During training, MoE models spend a significant amount of time on communication, as experts are distributed across different devices, leading to memory consumption from the large total parameter count. One solution is to perform subsequent computations while the communication core is active, thus hiding some communication time. The computation of shared experts is independent of MoE communication, allowing it to use communication hiding for more efficient computation than ordinary MoE structures.

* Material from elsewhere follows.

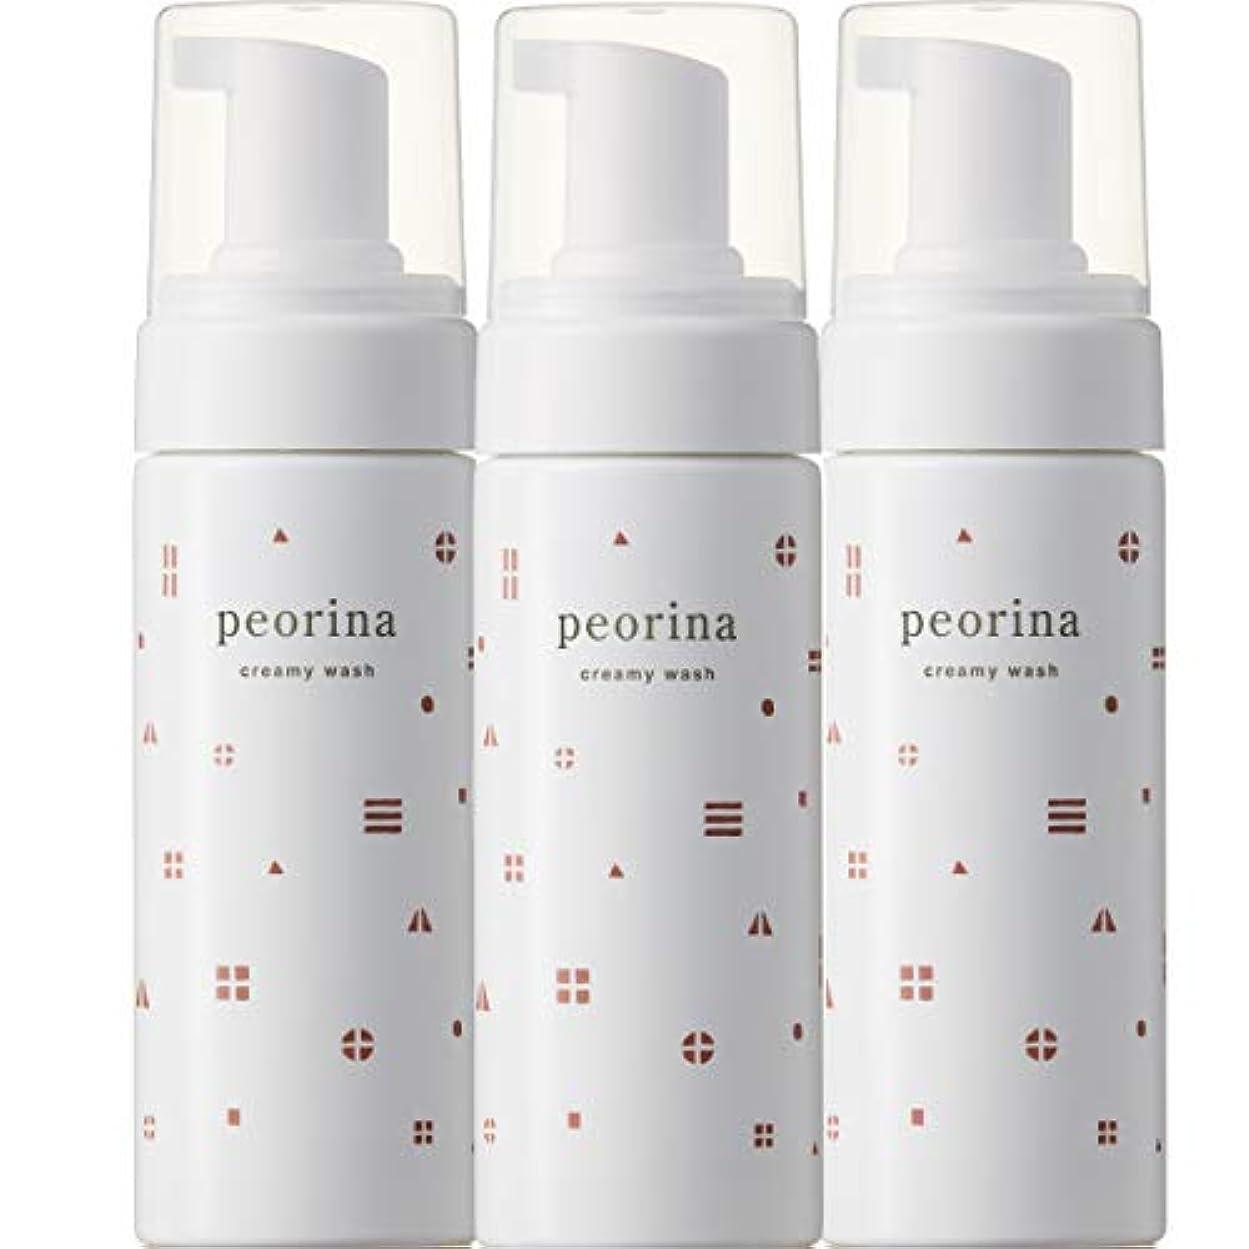 ピオリナ クリーミーウォッシュ 3本セット 泡洗顔 スキンケア 美肌 高保湿 セラミド ヒアルロン酸 アミノ酸 乾燥肌 敏感肌 ニキビ 赤ら顔 ヒト型セラミド
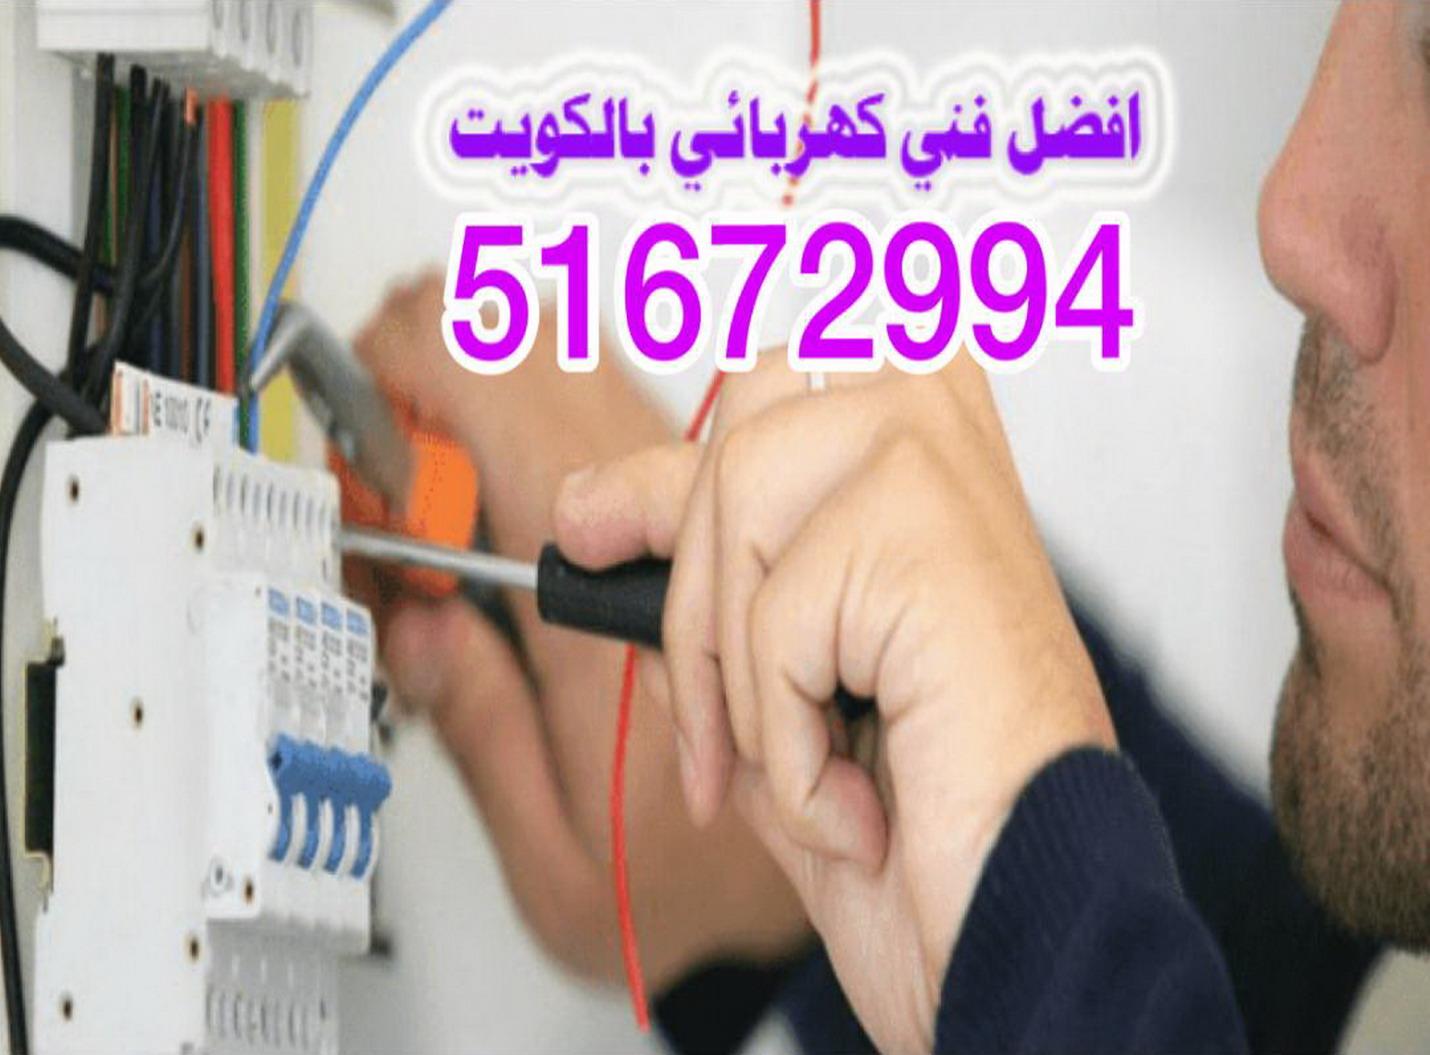 فني كهربائي بالكويت 51672994

In implementation, shared experts often merge multiple shared expert parameters into a larger MLP computation. During upcycling, the parameters of the Dense network are used to initialize MoE. Given that the MLP layers of fine-grained experts are generally small, each expert can only use part of the MLP parameters. The ideal partitioning method is to split different types of information from Dense into different experts to meet their own needs. However, finding such methods is difficult. The existence of shared experts allows Dense parameters to be loaded without partitioning, thus retaining the original capabilities of Dense to a greater extent. The reason for upcycling instead of training from scratch is simple: MoE training is too slow.
Device-Limited Routing
Considering the dependence of MoE models on communication capabilities during training, the pressure is placed on the hardware and framework layers. DeepSeek V2 proposes the use of Device-Limited Routing to reduce overall communication pressure, but I have not fully understood the implementation details, and I have raised an issue with the official team, hoping to clarify this point in the future.
MLA: Multi-Head Latent Attention
The schematic diagram from the paper is as follows:
The overall understanding is that MLA is an enhanced version of MQA, capable of achieving the same inference speed while delivering better performance. Here’s a brief introduction to how it works:
-
In MHA, KV is mapped to the same dimension as Q, so a large amount of KV needs to be retained during inference. MLA maps KV to a smaller dimension and then maps it back to the same dimension as Q. Since QK and OV belong to a hidden matrix during the attention computation, the upward mapping matrix can be absorbed into it, ensuring that during inference, only a smaller dimension of KV values needs to be retained. -
Since RoPE applies different matrix transformations to the QK vectors of tokens at different positions, this disrupts the matrix fusion operation in MLA. DeepSeek-V2’s approach is to perform RoPE separately on a smaller dimension of QK. This means that MLA retains some of the MHA calculations; whether performing RoPE in a smaller dimension impacts the results still needs further validation.
Conclusion
This concludes the interpretation of DeepSeek-V2, which is indeed a technical report filled with valuable insights. It is clear that DeepSeek is innovatively addressing problems. Innovating within non-research institutions is challenging due to the need to integrate scenarios, which limits the technologies that can be applied and increases the number of factors to consider. Innovation often arises spontaneously, not through deliberate arrangements or teaching, and it also requires a relaxed environment to boldly engage in aimless experimentation. Innovation is high-risk, expensive, and inefficient, but I am pleased to see a company that maintains such a hardcore technical style.